Medical treatment for postpartum depression

As is the case with depression unrelated to pregnancy, mood-altering drugs and psychotherapy are conventional medicine's treatments of choice for PPD. While talking to a trusted friend or psychotherapist is often helpful, the usefulness of the drugs most often prescribed for women with PPD has not yet been proven. Most physicians treat PPD with various psychiatric drugs that, in effect, trick the brain into thinking it has more neurotransmitters than it actually does – specifically, that levels of one or both of two very important brain neurotransmitters, serotonin and norepinephrine, have been increased. Serotonin and norepinephrine are fundamental to a healthy body because they carry nerve signals and messages throughout the brain and the rest of the nervous system. They have a profound effect on mood and self-esteem, as well as on many other important functions within the body. A deficiency of these neurotransmitters can lead to depression, anxiety, insomnia, anger, obesity, and a host of other serious ailments.

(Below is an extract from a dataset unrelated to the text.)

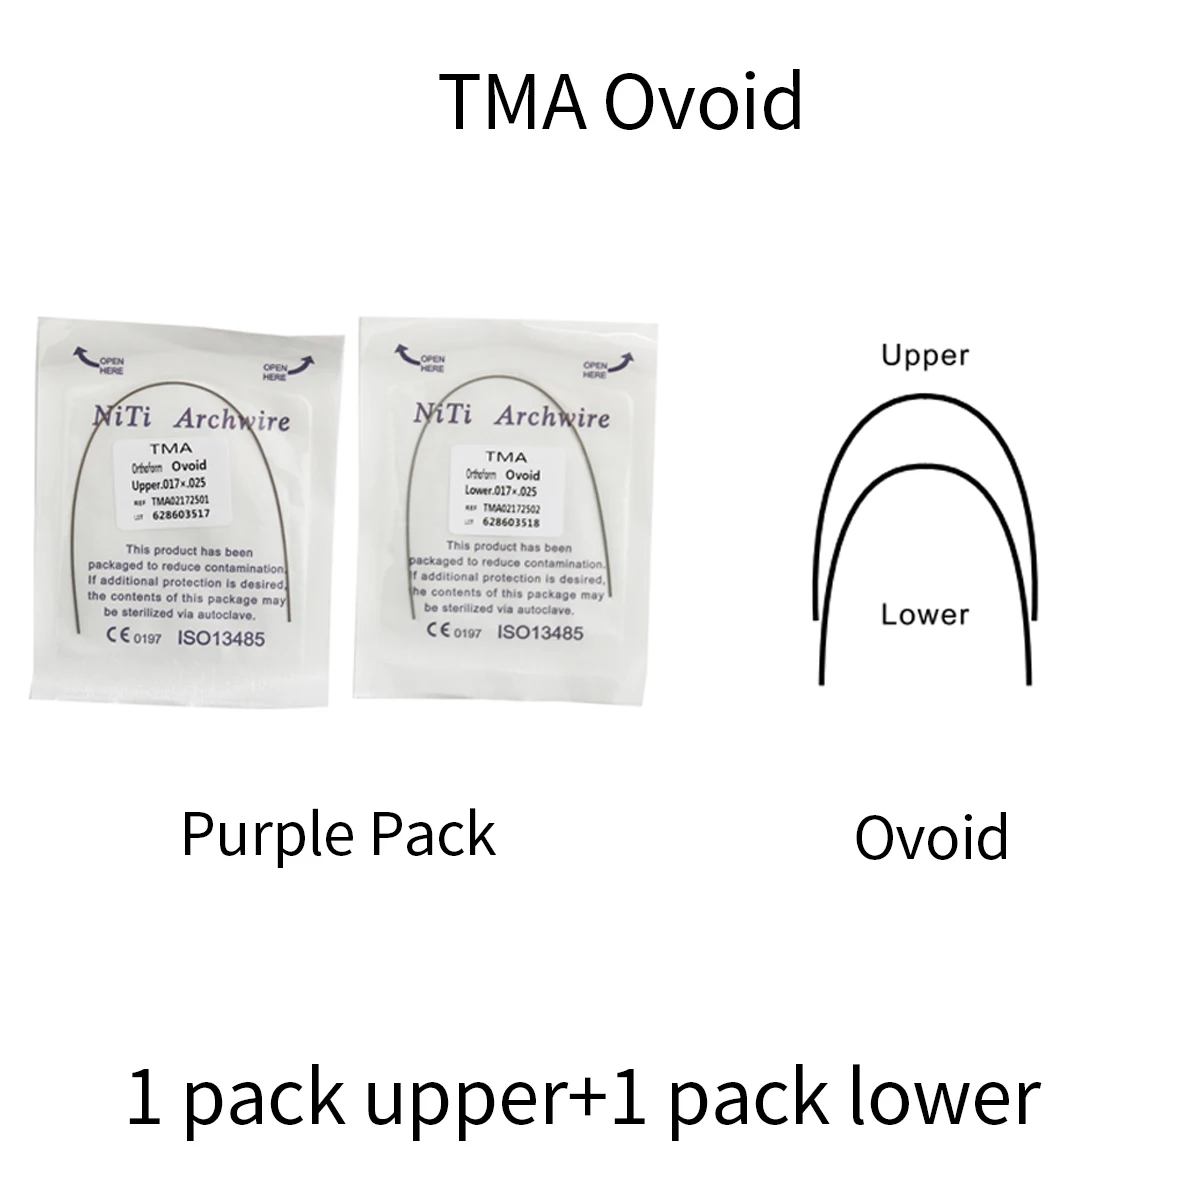 2 упаковки 2шт Яйцевидной проволоки TMA Ti-Mo для брекет-систем Фиолетовая упаковка (1 Верхняя + 1 Нижняя)

In the vast majority of cases of PPD, the real cause of low levels of serotonin or norepinephrine in the brain is a deficiency of the nutritional precursors that the body needs to make these neurotransmitters. Interestingly, not only do the psychiatric drugs most commonly prescribed for PPD not increase serotonin and neroepinephrine levels, but they actually cause the body's reserves of the nutritional precursors needed to produce them to be used up more rapidly, worsening the state of nutritional deficiency. This is probably why it is so difficult for so many people to go off these drugs. It is not unusual for doctors to hear that a person had a very good initial experience with one of these drugs but that, as time passed, the good feelings wore off and higher doses and/or different medications were needed.

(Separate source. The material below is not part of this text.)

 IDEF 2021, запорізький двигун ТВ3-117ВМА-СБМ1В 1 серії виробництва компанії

The most common class of drugs physicians prescribe for PPD is known as selective serotonin reuptake inhibitors, or SSRIs, the best-known of which is fluoxetine (Prozac). Other medications in this category include citalopram (Celexa), paroxetine (Paxil), and sertraline (Zoloft). These agents act by keeping serotonin in the brain's synapses (the spaces between nerve cells) for a longer period of time. They also pull serotonin out of the "serotonin stores" in the brain cells and pull it into the synapses. However, as we learn so tragically from time to time when we hear of mothers on medication for PPD who harm or even kill their children, these drugs don't always work. In fact, they fail to work over the long term at least one-third of the time. SSRIs speed up the rate at which serotonin is used up in the brain. If you drive a car at a high rate of speed, it uses up more gas and you have to fill up the tank more often. Similarly, if you speed up the rate at which the brain uses up serotonin by taking SSRIs you will need to replace the nutritional precursors more rapidly.